Motivational Incentives for Enhanced Drug Abuse Recovery: Methadone Clinics

STUDY OBJECTIVES:

The purpose of the proposed research is to implement and systematically evaluate, in community treatment settings, motivational incentive procedures that have been well researched and have proven efficacious in a variety of treatment research clinics. The study will determine if motivational incentives along with standard care therapy is more effective than standard therapy alone for the treatment of patients using cocaine or methamphetamine and entering a substance abuse treatment program.

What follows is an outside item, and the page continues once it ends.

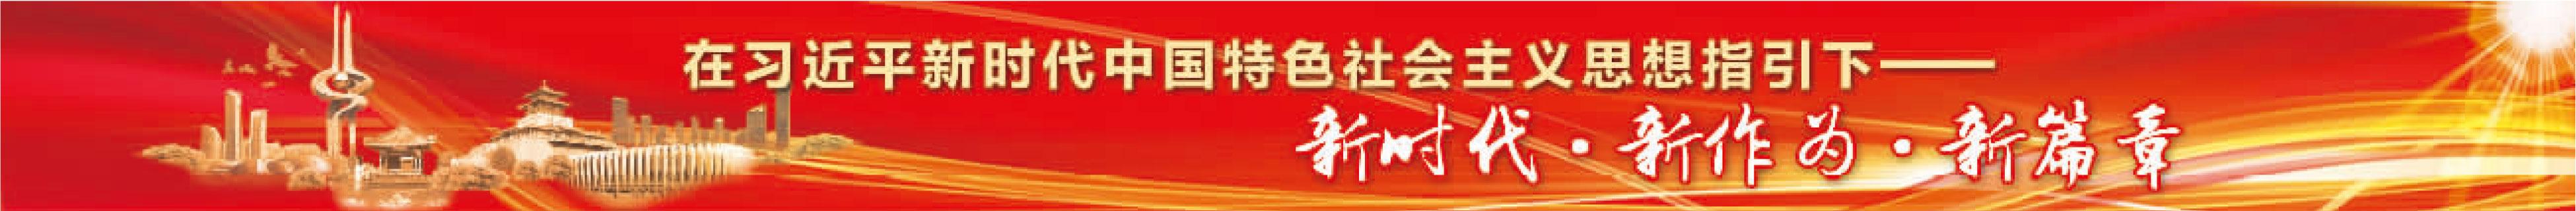 """济南市优化营商环境动员大会召开 深化""""一次办成""""改革 打造与省会地位相匹配的良好营商环境"""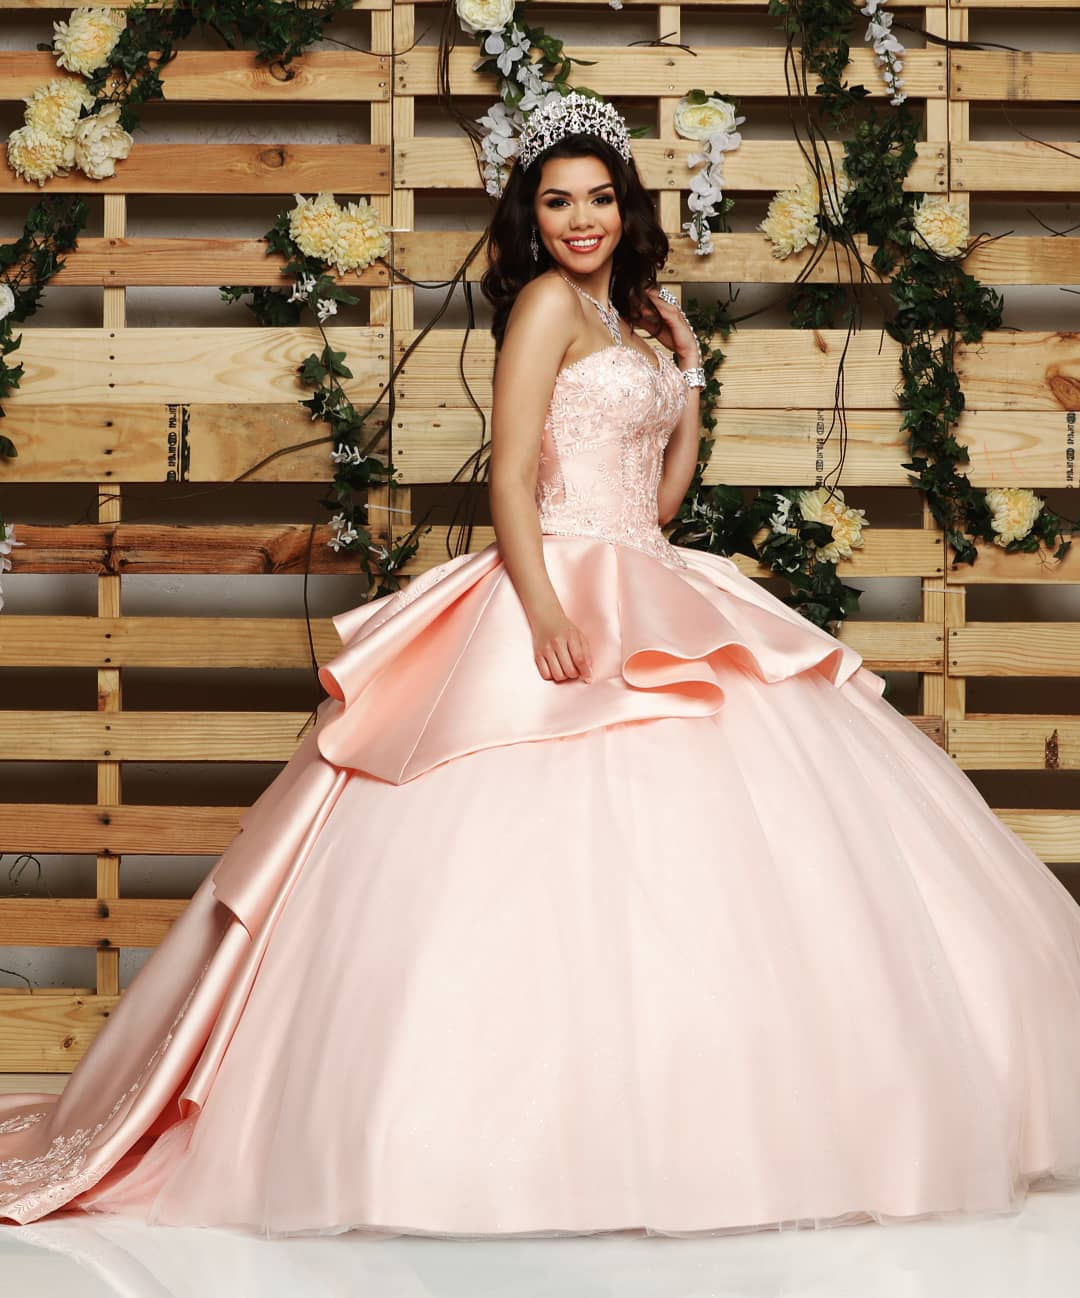 7eadd9381 La nueva colección de vestidos de quinceañera 2019 - 2020

STUDY POPULATION/ELIGIBILITY CRITERIA:

The study population will be drawn from patients entering methadone maintenance treatment and remaining in treatment for at least one month. Primary eligibility criteria for study entry is evidence of stimulant use (cocaine or methamphetamine) as determined by urinalysis test results. Eligible patients must submit at least one cocaine or methamphetamine positive urine within the two weeks prior to study entry.

STUDY DESIGN:

The study utilizes a two group random assignment design. Thus, interested and eligible participant volunteers will be assigned to receive usual care or usual care supplemented by a motivational incentive program. The study lasts for 12 weeks, with follow-up interviews scheduled at 1, 3 and 6 months after study enrollment.

USUAL CARE TREATMENT:

Those assigned to usual care will receive standard counseling procedures used at the CTP for 12 weeks. Participants assigned to the usual care condition will be expected to meet with the RA twice weekly to give urine samples and to participate in follow-up interviews, as scheduled.

INCENTIVE PROCEDURES:

In addition to usual care services, those subjects in the motivational incentive group will be given the opportunity to receive tangible incentives twice weekly based on drug-free urine test results. Each time a participant tests negative for the primary target drugs cocaine, methamphetamine, amphetamines, and alcohol (via breathalyzer), they will be able to make recovery picks from the abstinence bowl. Some picks will result in no incentive award. Some picks will result in receipt of a "small" incentive such as a soda, candy bar or toiletry item. Yet other picks may result in receipt of a larger incentive such as a radio, walkman or gift certificate to a local restaurant, grocery or retail store. Clients and clinic staff will determine the specific incentives to be awarded within monetary guidelines specified in the protocol. The number of recovery picks escalates with consecutive weeks in which urine tests are negative for all 4 primary target substances. Bonus picks are also available at each incentive opportunity for urines that test negative for opiates. The maximum cash value of tangible incentives awarded to participants who remain continuously abstinent from all tested drugs will be approximately $400 per subject.

EFFICACY ASSESSMENTS:

Treatment retention of study subjects will be tracked and mean retention duration compared for the two study groups. Regular urine testing conducted during treatment will also be used to compare performance of incentive and control participants, as will data on counseling utilization. Primary source of data for establishing efficacy will be obtained from follow-up interviews and urine testing obtained from all subjects who sign informed consent, whether or not they stay in treatment for 12 weeks ("intent-to-treat" sample). Subjects will be assessed at all follow-up visits (1, 3, and 6 months) for: 1) drug use via full screen urinalysis and alcohol breathalyzer, 2) drug use via self-report, 3) HIV risk exposure, 4) employment status, 5) criminal activity, 6) gambling behavior, and 7) psychiatric symptoms. It is predicted that outcomes for those assigned to receive incentives in addition to standard care will be better than outcomes for those who receive standard care only. Specifically, those who receive incentives will have less drug use and criminal activity, more employment and fewer psychiatric symptoms.

SUBJECT BENEFITS:

All study participants will receive compensation of $25 for each follow-up assessment completed. All participants may benefit from stopping their drug use during treatment and working toward life-style changes that are needed to sustain long-term abstinence. Those in the incentive condition may experience enhanced motivation to abstain and may benefit from the tangible incentives received.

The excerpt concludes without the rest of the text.